"""

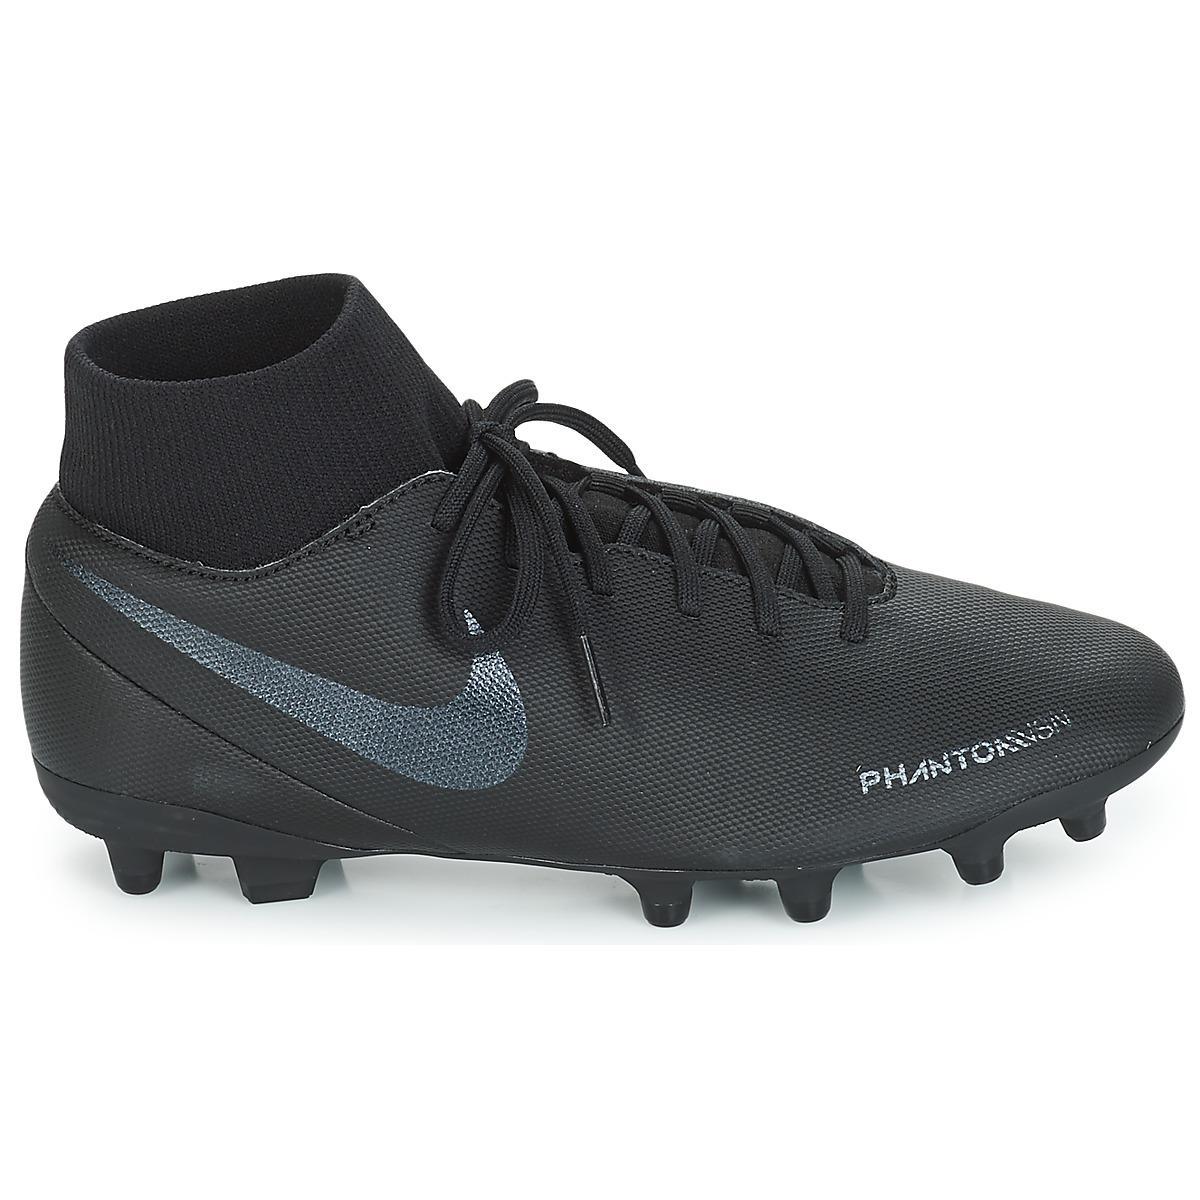 8f916d69f Nike - Black Phantom Vsn Club Df Mg Football Boots - Lyst. View fullscreen
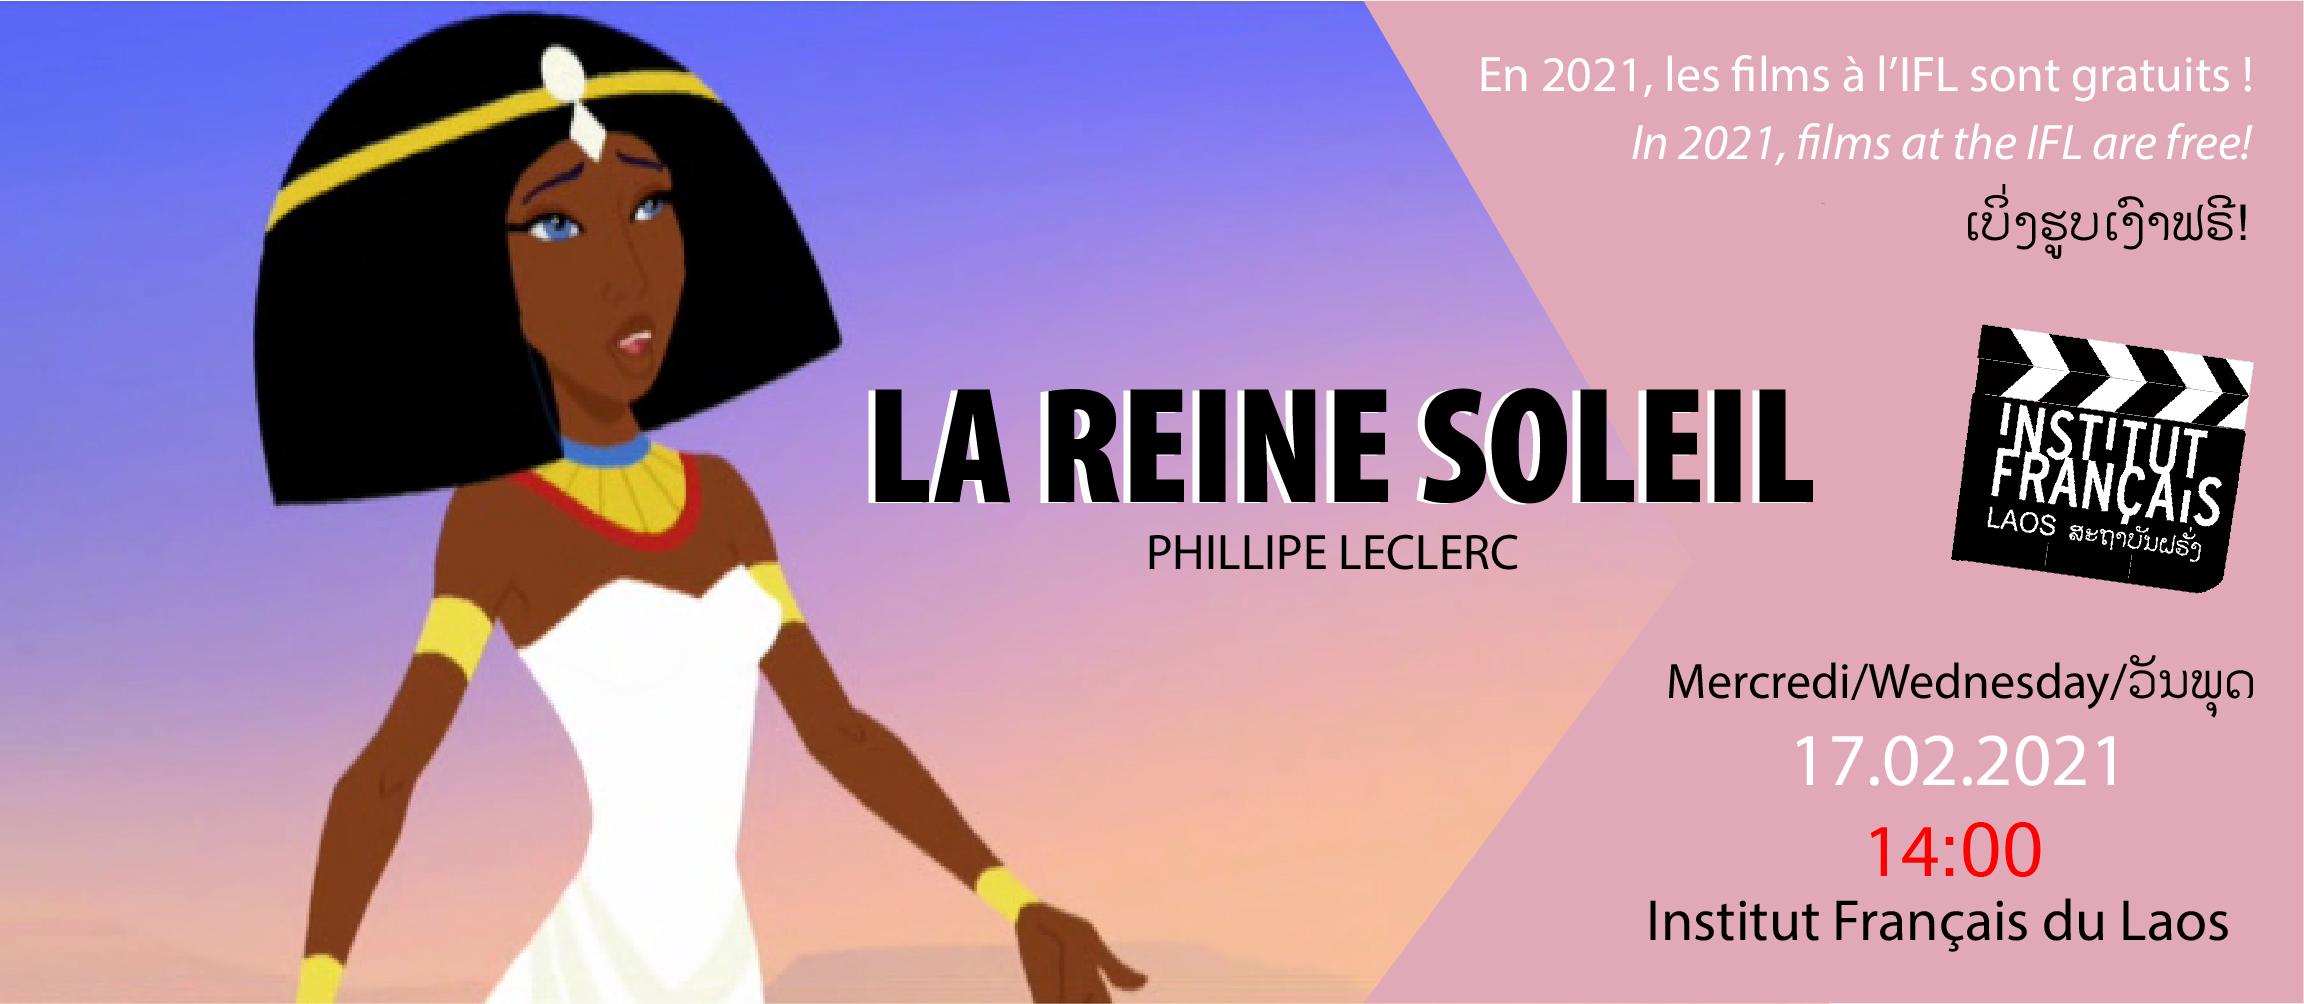 FILM ENFANTS // LA REINE SOLEIL
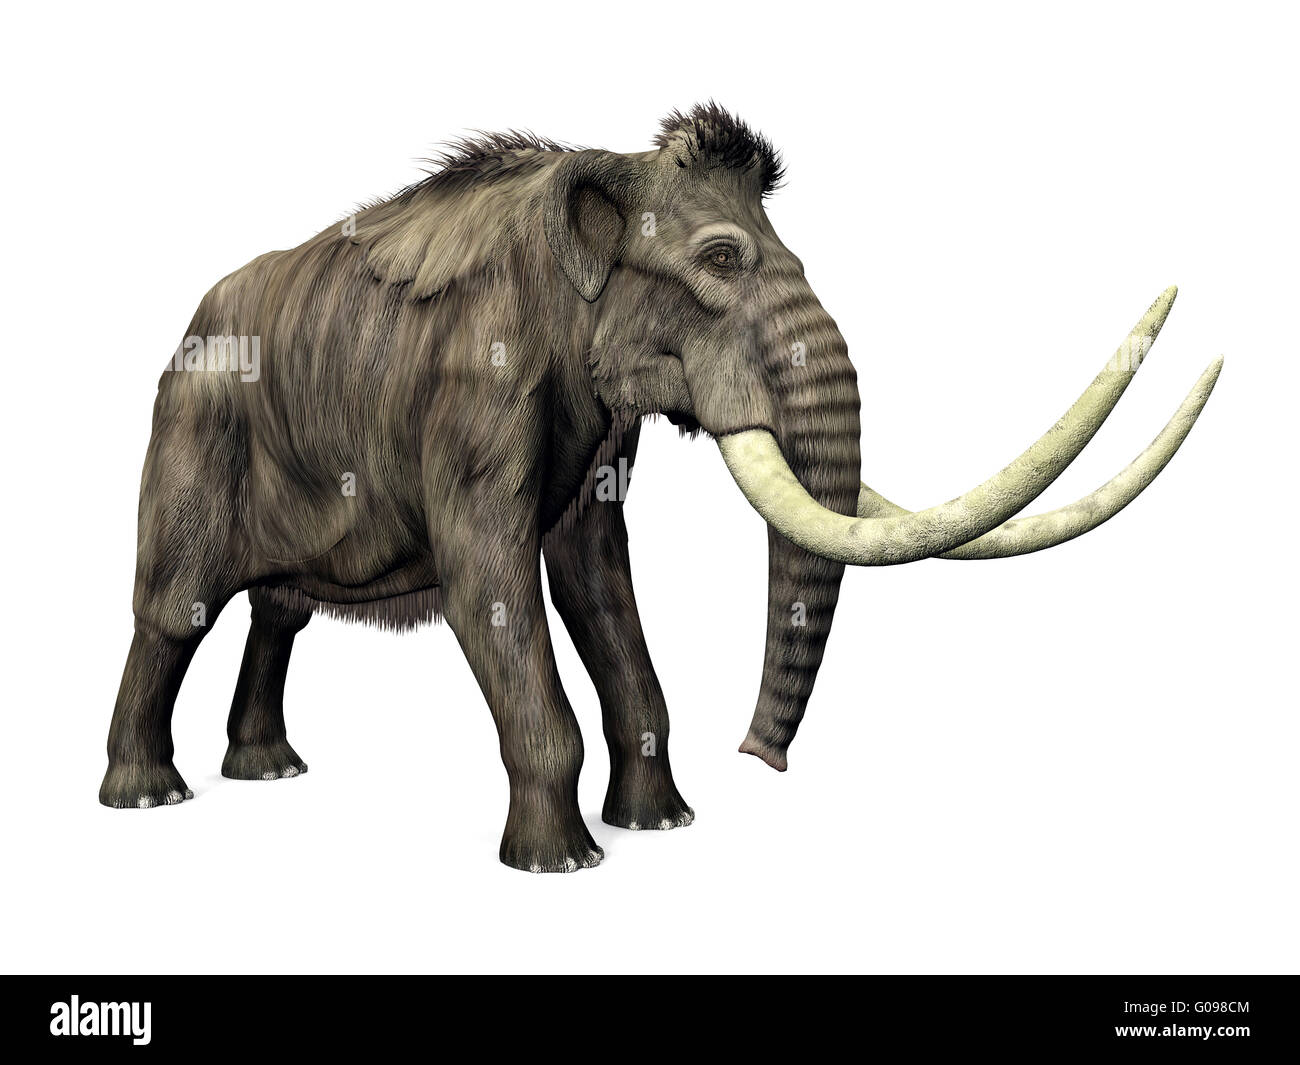 Mammoth - Stock Image

"""

◆ Task ◆
Pictures do not belong in the copy. Reproduce the rest of the data exactly.

◆ Answer section ◆
 8f916d69f Nike - Black Phantom Vsn Club Df Mg Football Boots - Lyst. View fullscreen
 FILM ENFANTS // LA REINE SOLEIL
 Mammoth - Stock Image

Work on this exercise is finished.